Building an Autonomous Vehicle, Part 4: Using Behavioral Cloning with Apache MXNet for Your Self-Driving Car

In the first blog post of our autonomous vehicle series, you built your Donkey vehicle and deployed your pilot server onto an Amazon EC2 instance. In the second blog post, you learned to drive the Donkey car, and the Donkey car learned to self-drive. In the third blog post, you learned about the process of streaming telemetry from the Donkey vehicle into AWS using AWS IoT.
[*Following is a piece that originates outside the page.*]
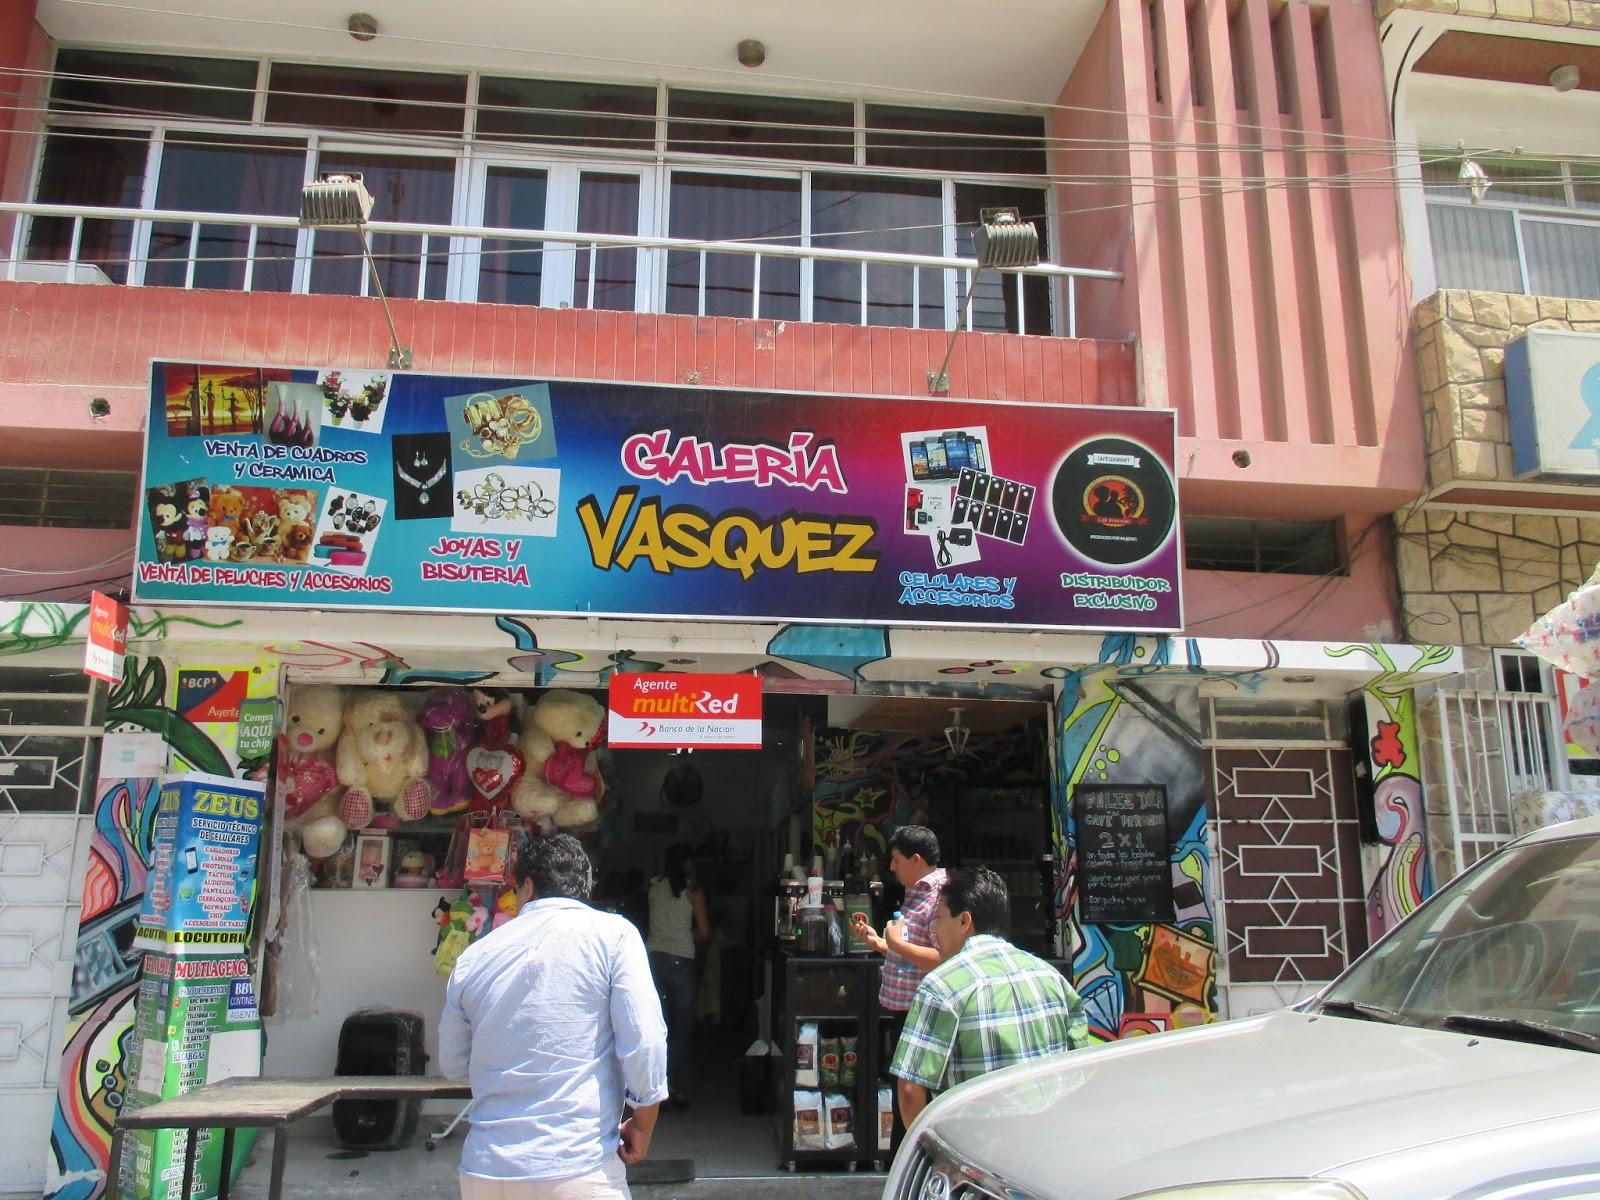 b31580546a01 A VUELO DE UN QUINDE® - EL BLOG !!!!! .    .  Día del Café Peruano ...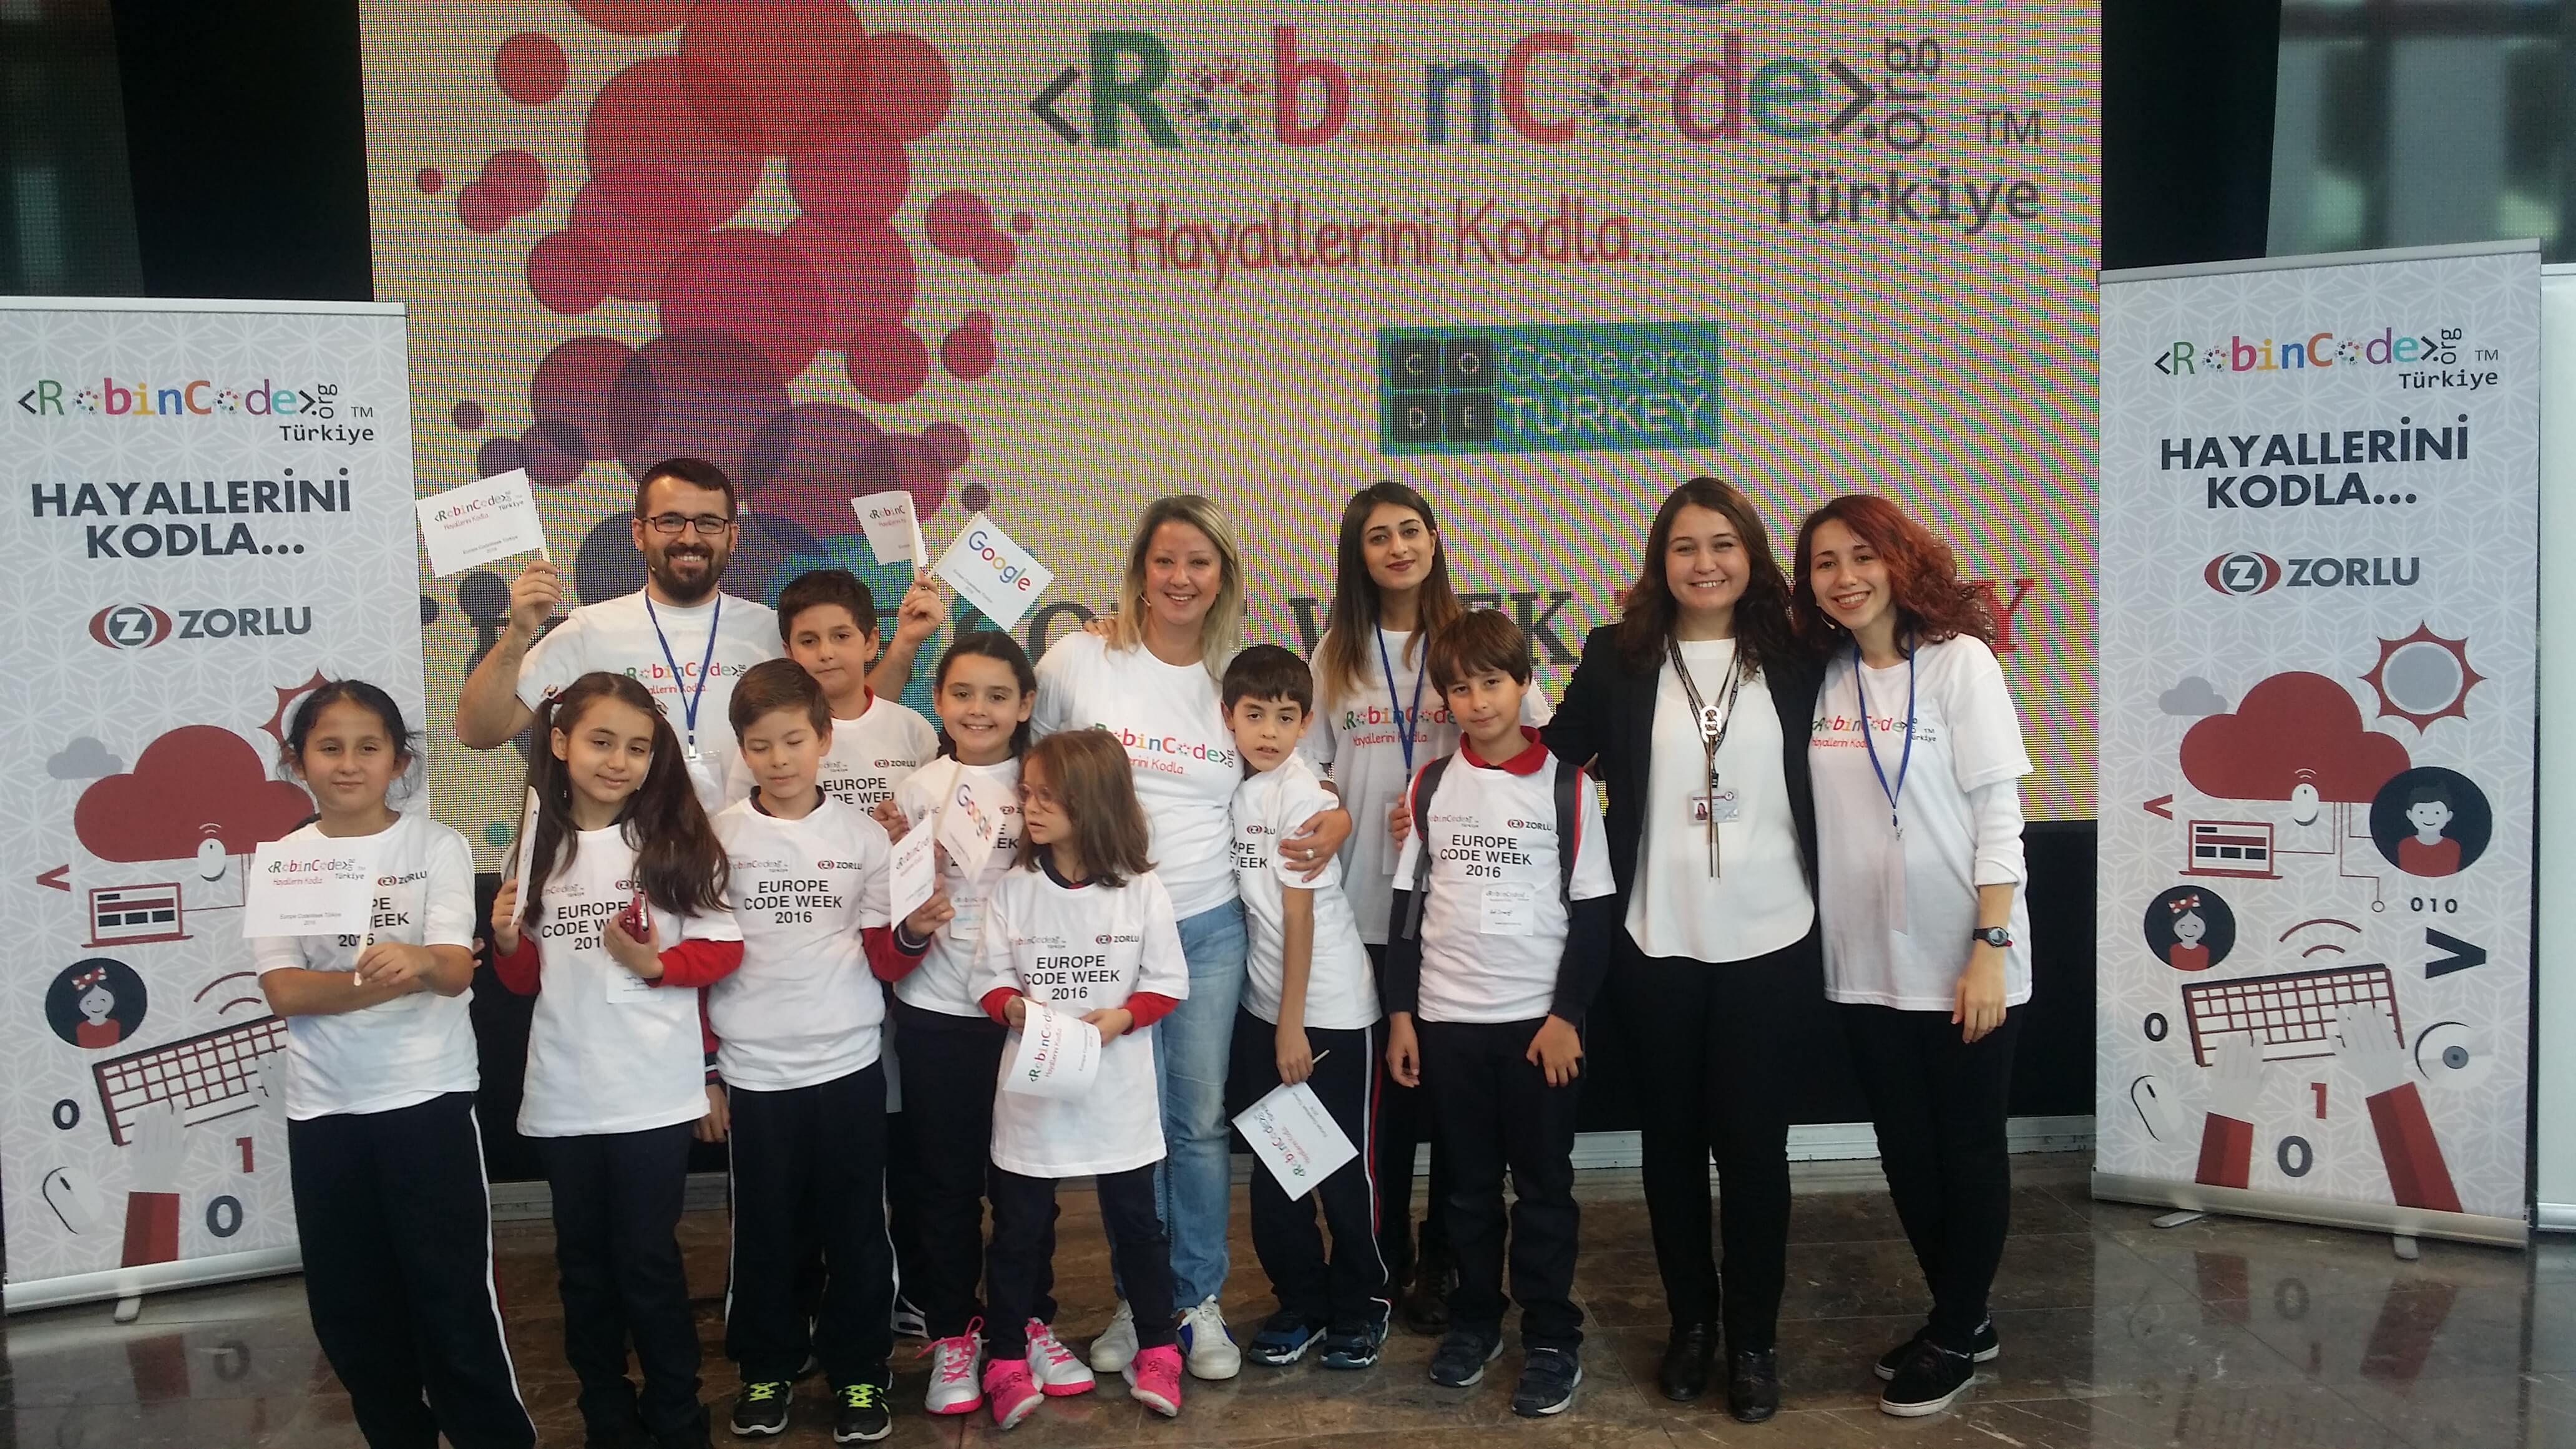 """Öğrencilerimiz """"Europa CodeWeek Turkey"""" Etkinliğine Misafir Oldu"""

In this blog post, we will deep dive on the Deep Learning that enables your car to drive, and introduce the concept of behavioral cloning with Convolutional Neural Networks (CNNs). CNNs have emerged as the state-of-the-art modeling technique for computer vision tasks, including answering questions that your car may encounter, such as, “Is there a track or a cone in front of me?”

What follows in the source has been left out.